**Supplied records:**
════════════════════
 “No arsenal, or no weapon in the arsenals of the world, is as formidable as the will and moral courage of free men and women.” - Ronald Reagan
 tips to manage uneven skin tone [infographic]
════════════════════
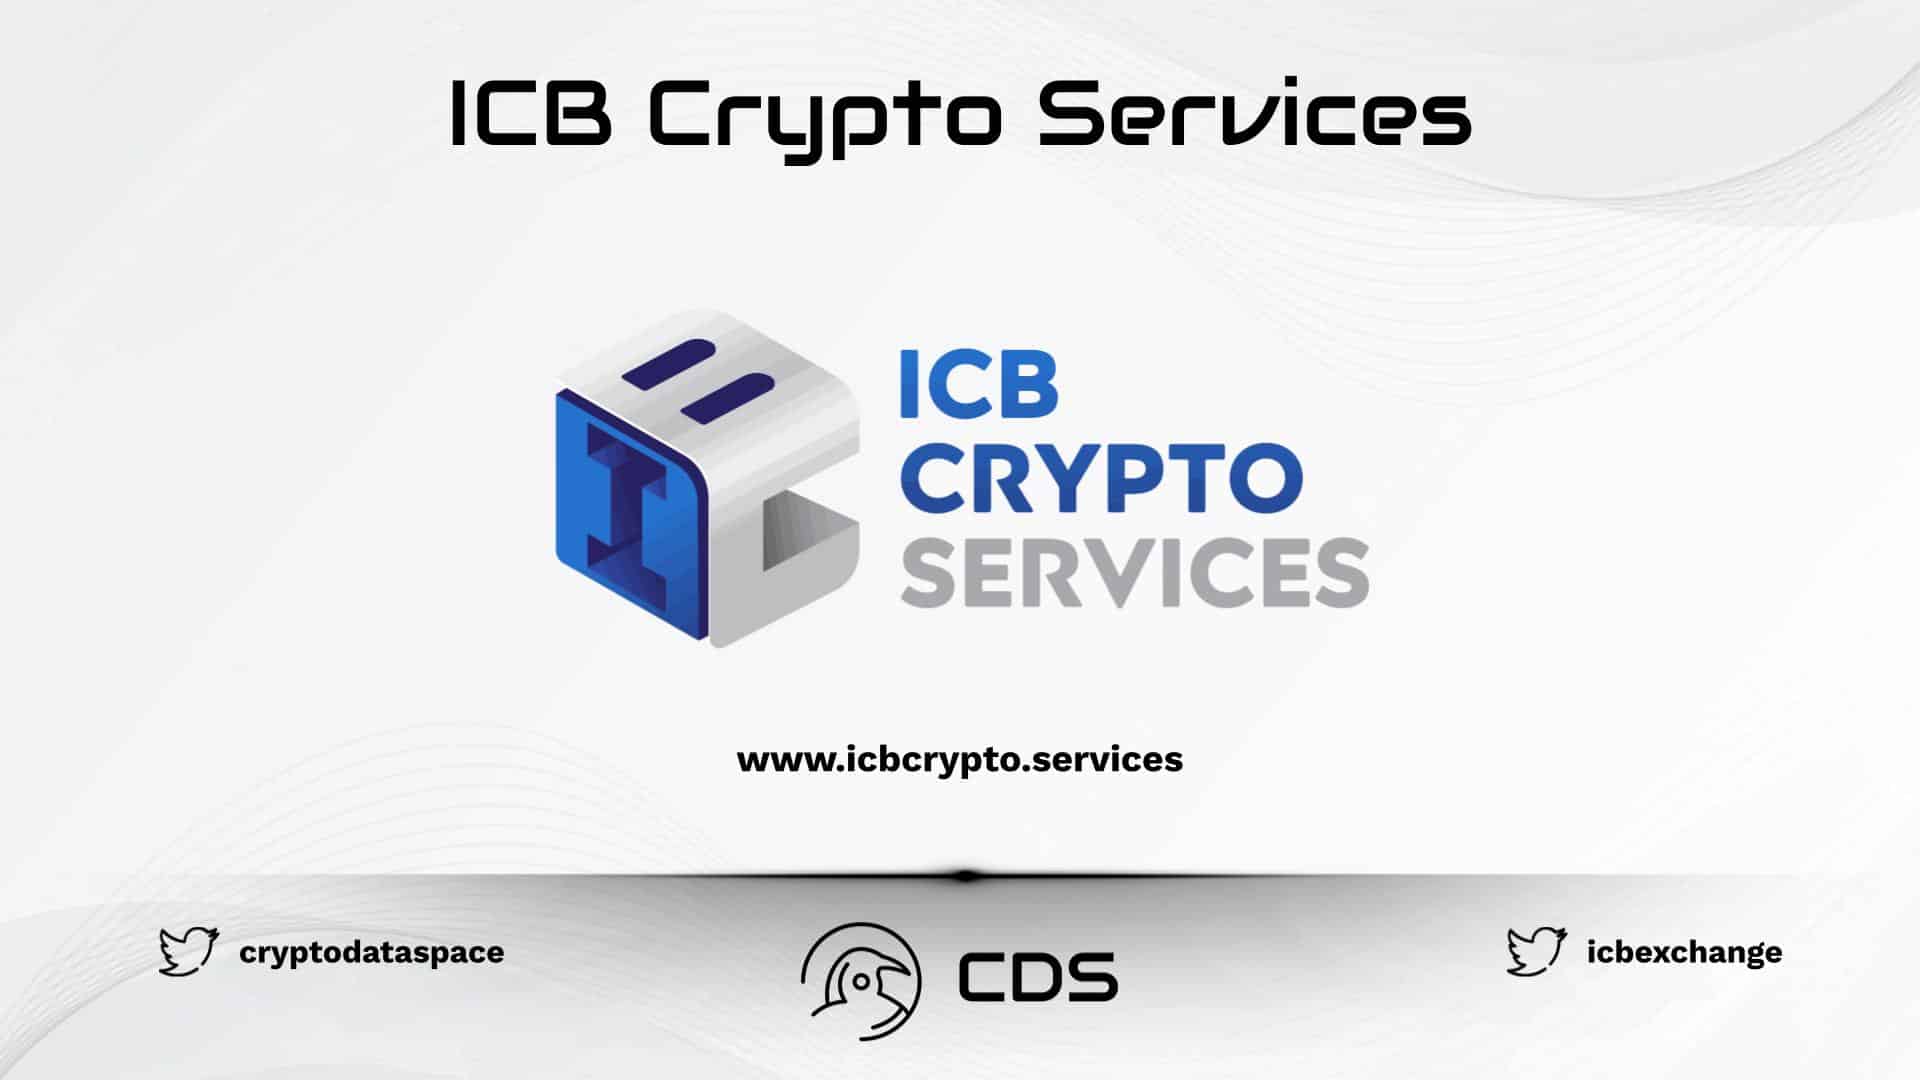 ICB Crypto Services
════════════════════
**How to complete this task:** Taking the entries above, write out exactly the lines starting with the line containing "- Ronald Reagan" and going on through the line containing "tips to manage", both included, and nothing else.

**Result:**
 “No arsenal, or no weapon in the arsenals of the world, is as formidable as the will and moral courage of free men and women.” - Ronald Reagan
 tips to manage uneven skin tone [infographic]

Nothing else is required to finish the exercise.